• Exercise instructions: Copy out all the lines of the data precisely, omitting any pictures.

-------- Source material --------

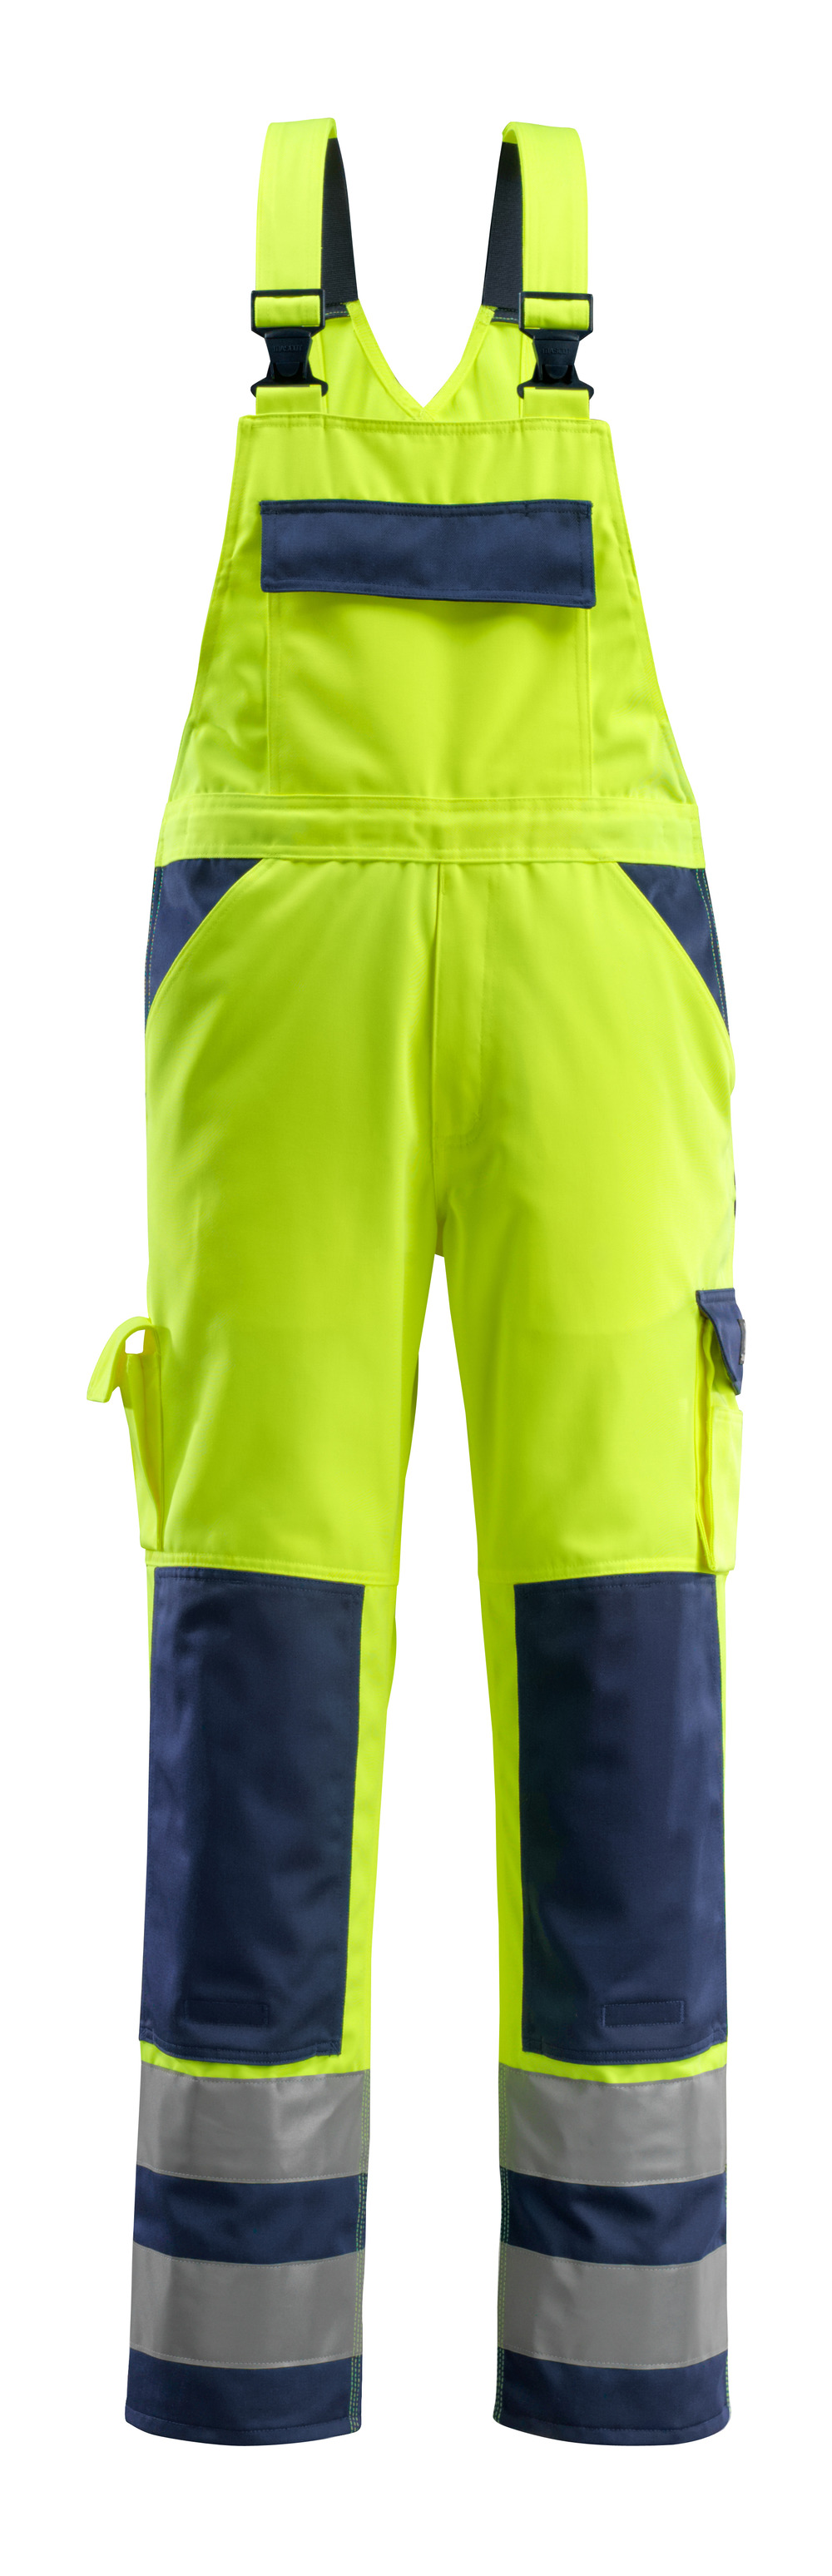 07169-470-171 Bib & Brace with kneepad pockets - hi-vis yellow/navy
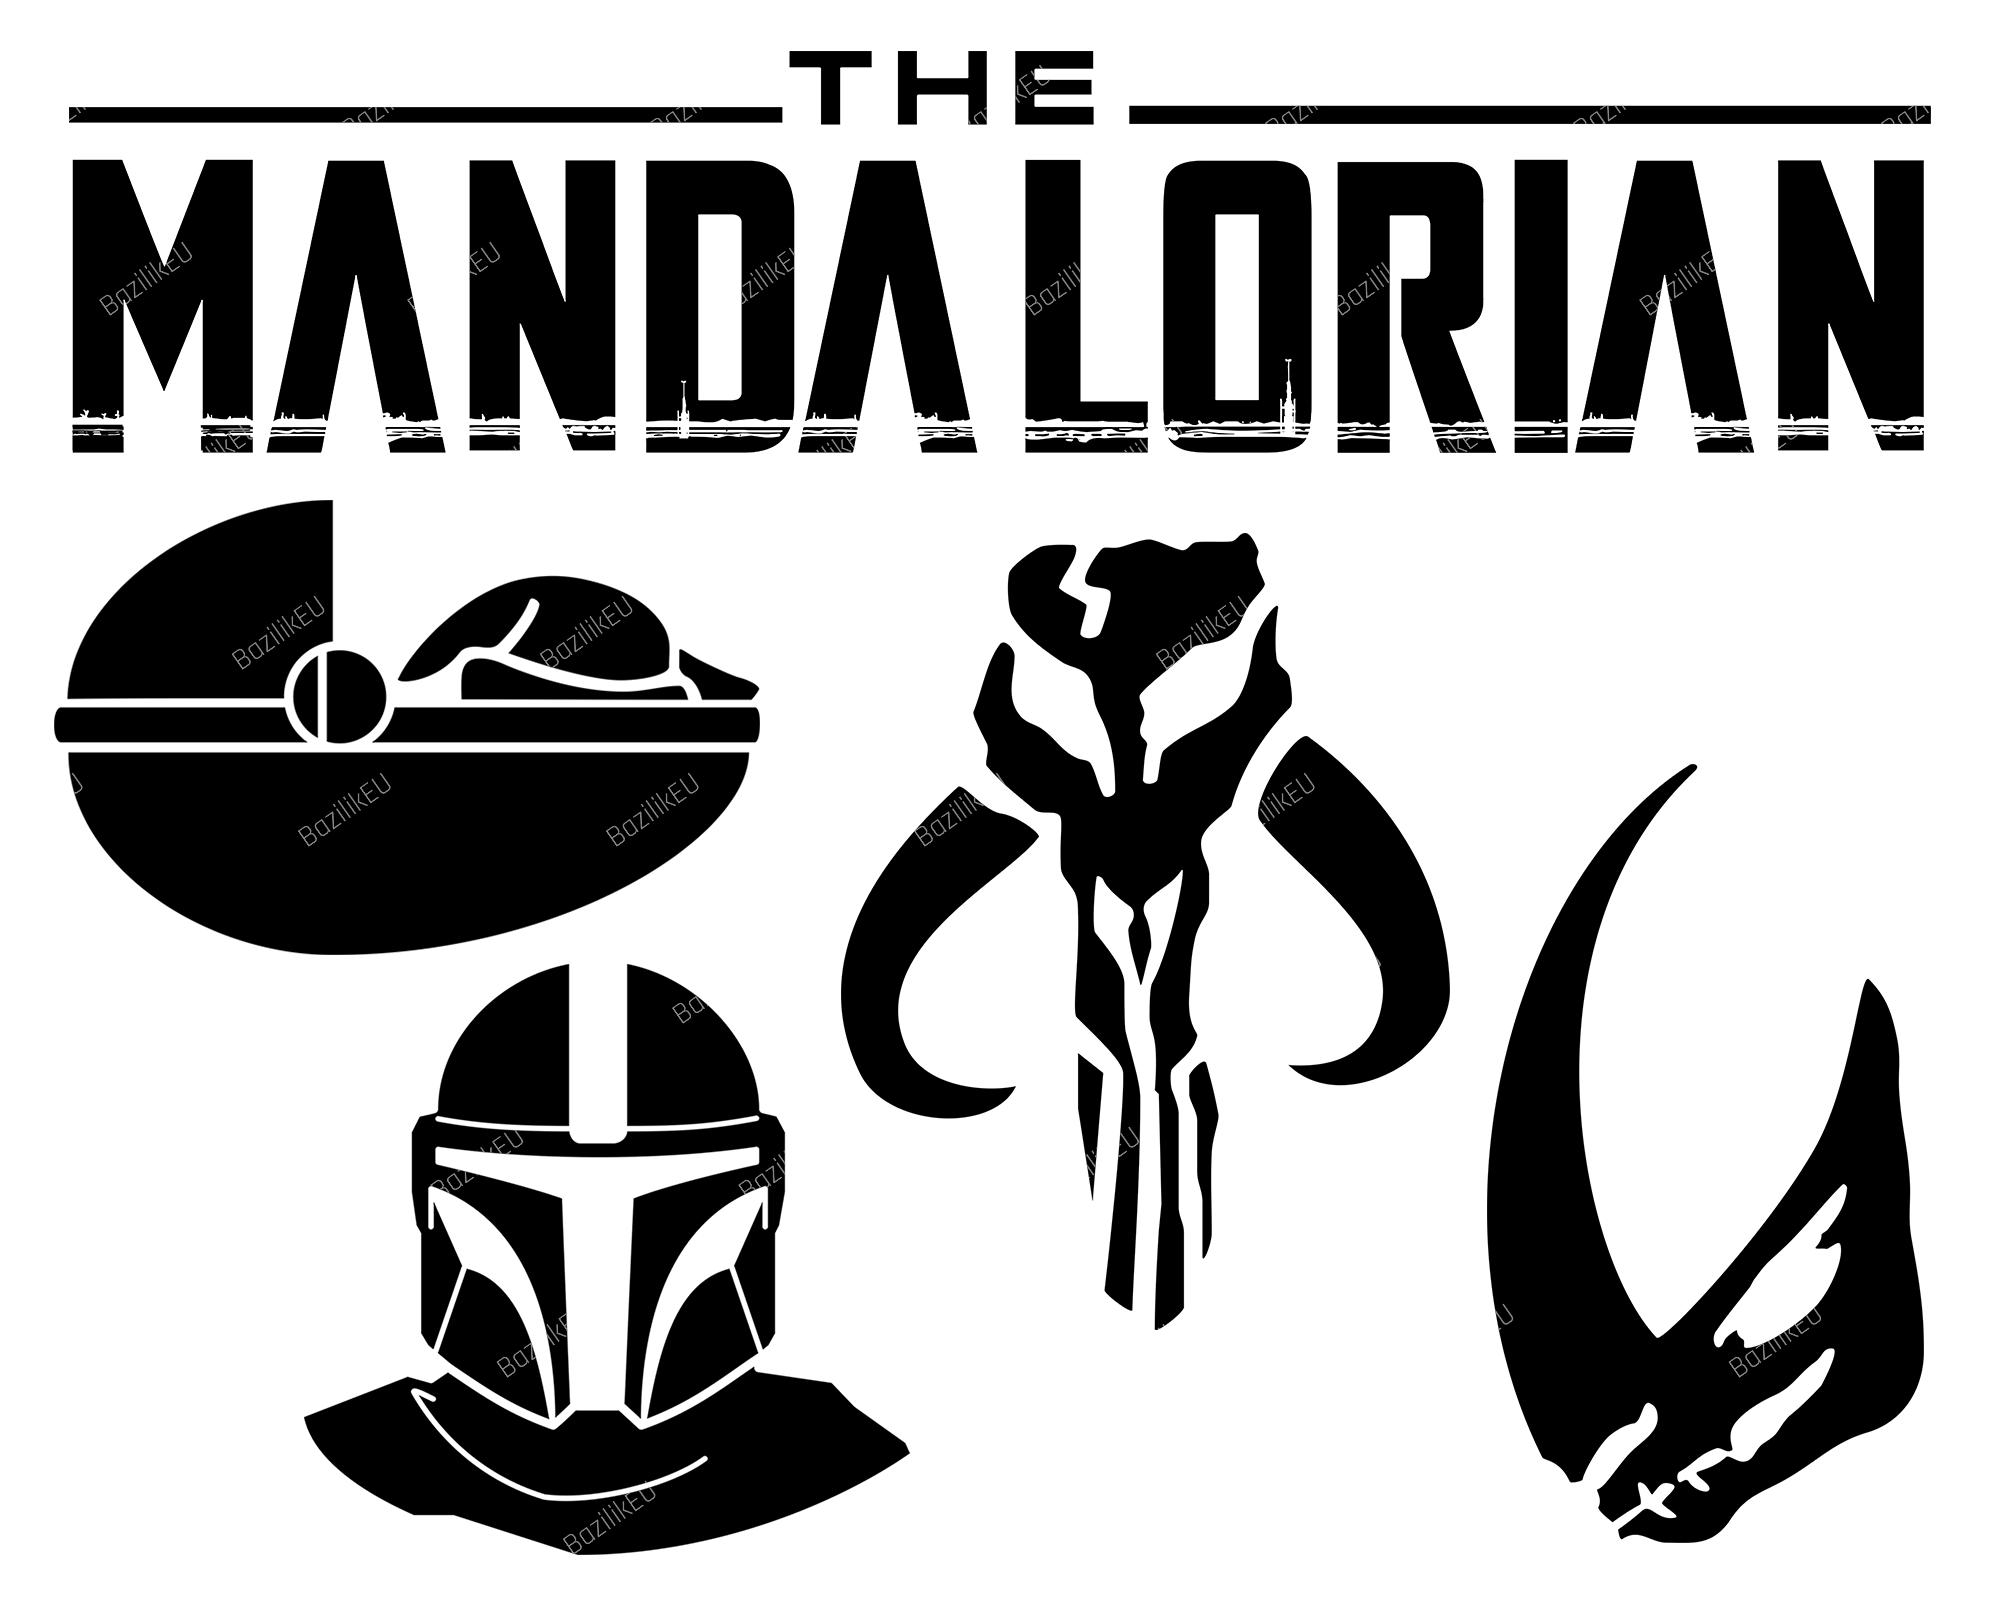 Star Wars Mandalorian Svg Bundle This Is The Way Svg Bundle Etsy In 2021 Star Wars Silhouette Star Wars Prints Star Wars Stencil
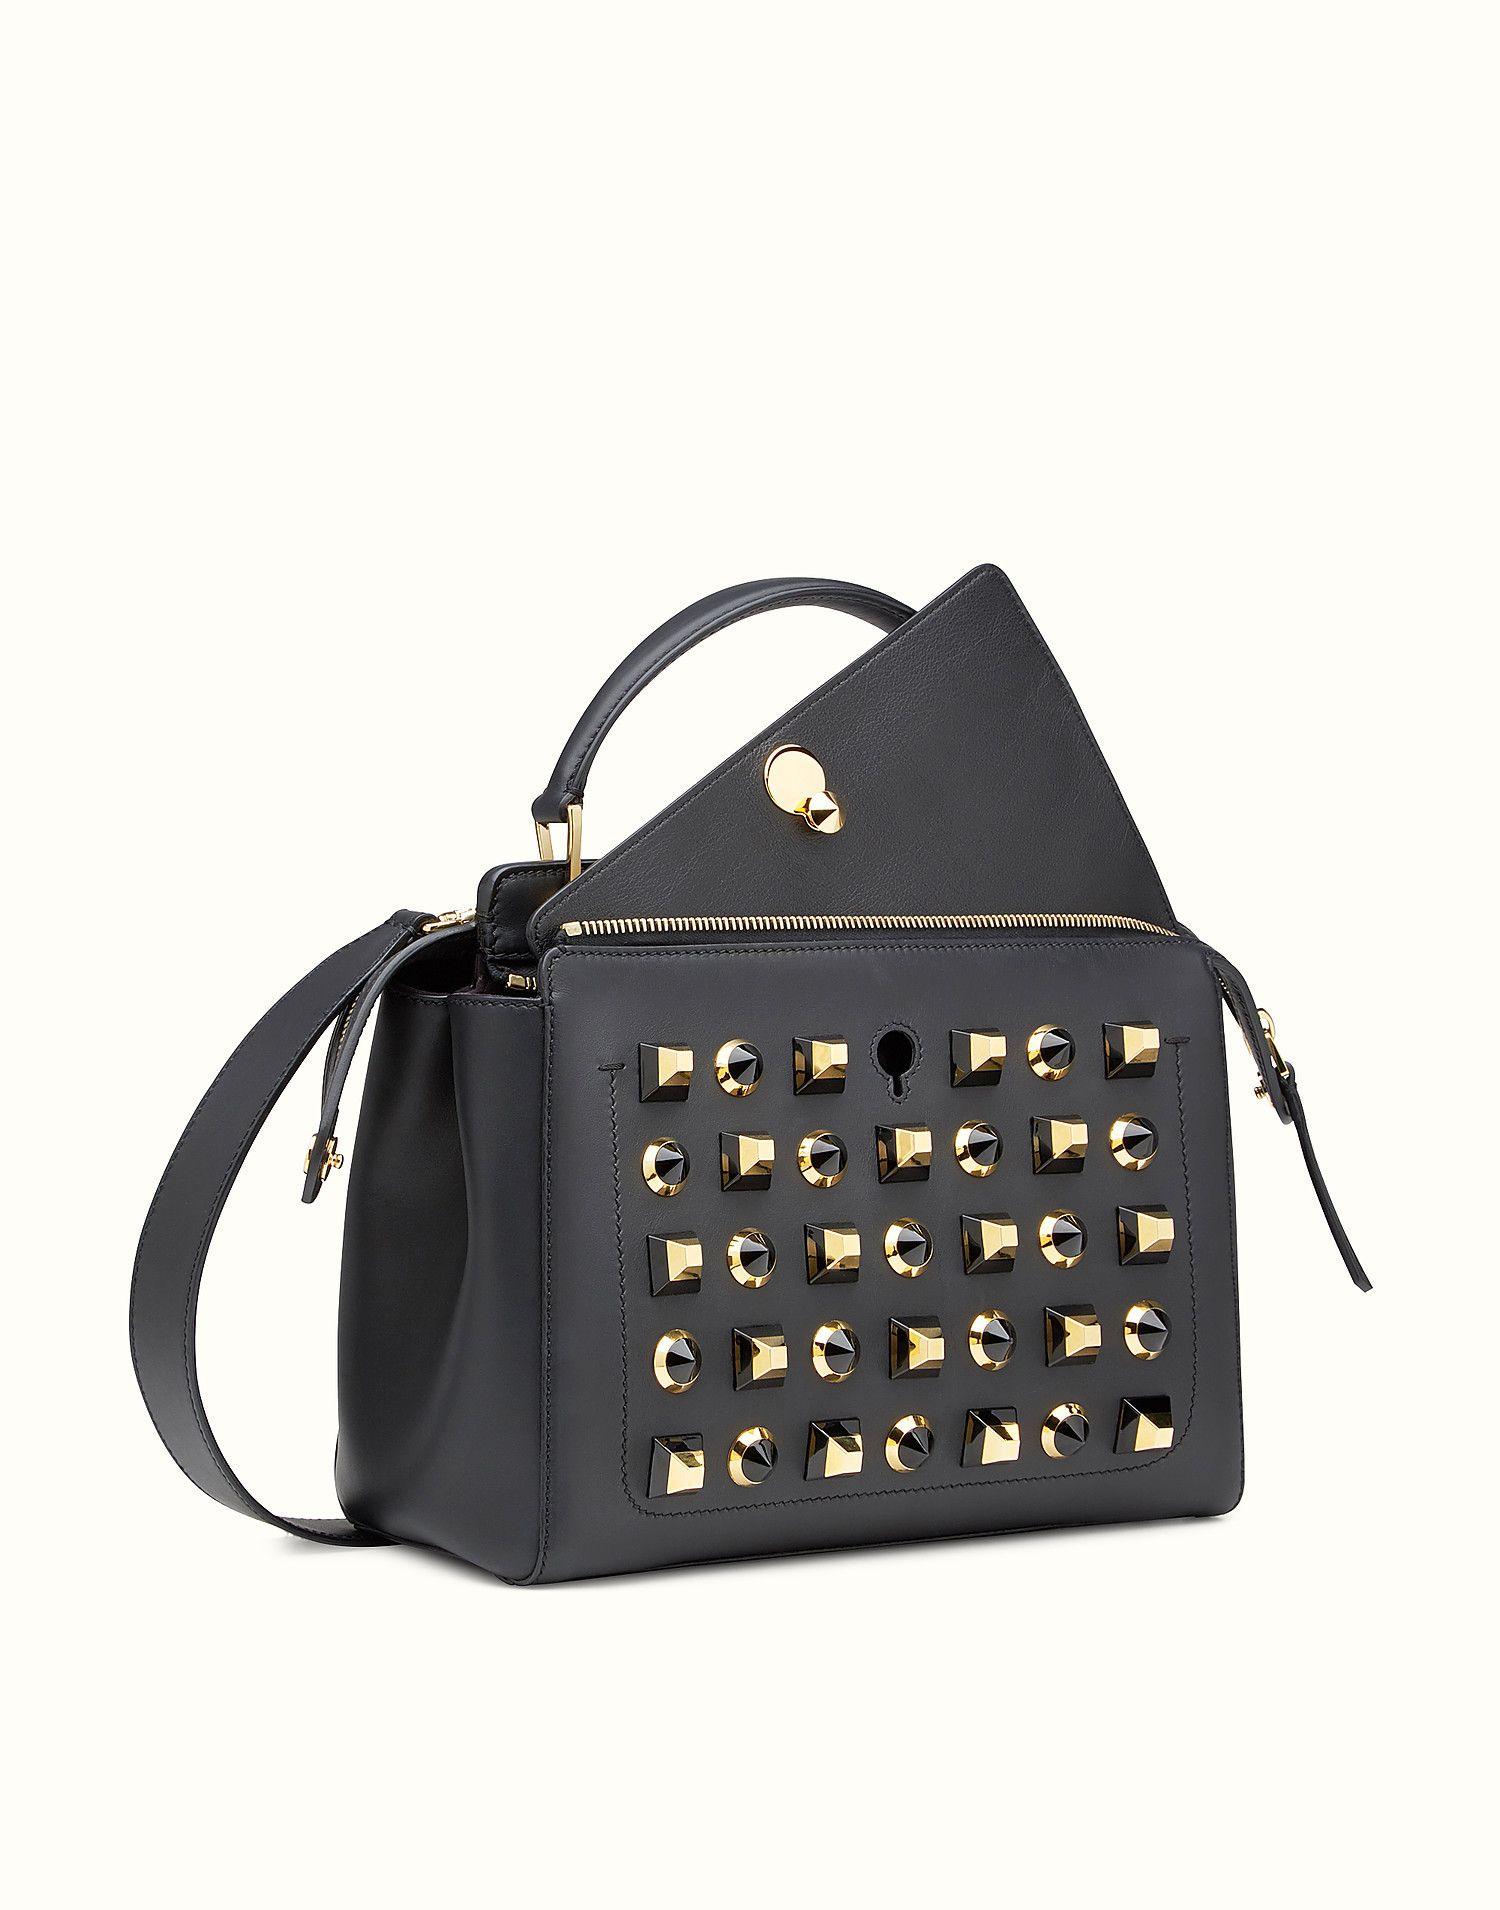 FENDI DOTCOM GOLD EDITION - black leather handbag and clutch bag - view 2  zoom d9948d4b7f164

--------

• Problem solution:
 07169-470-171 Bib & Brace with kneepad pockets - hi-vis yellow/navy
 Star Wars Mandalorian Svg Bundle This Is The Way Svg Bundle Etsy In 2021 Star Wars Silhouette Star Wars Prints Star Wars Stencil
 FENDI DOTCOM GOLD EDITION - black leather handbag and clutch bag - view 2  zoom d9948d4b7f164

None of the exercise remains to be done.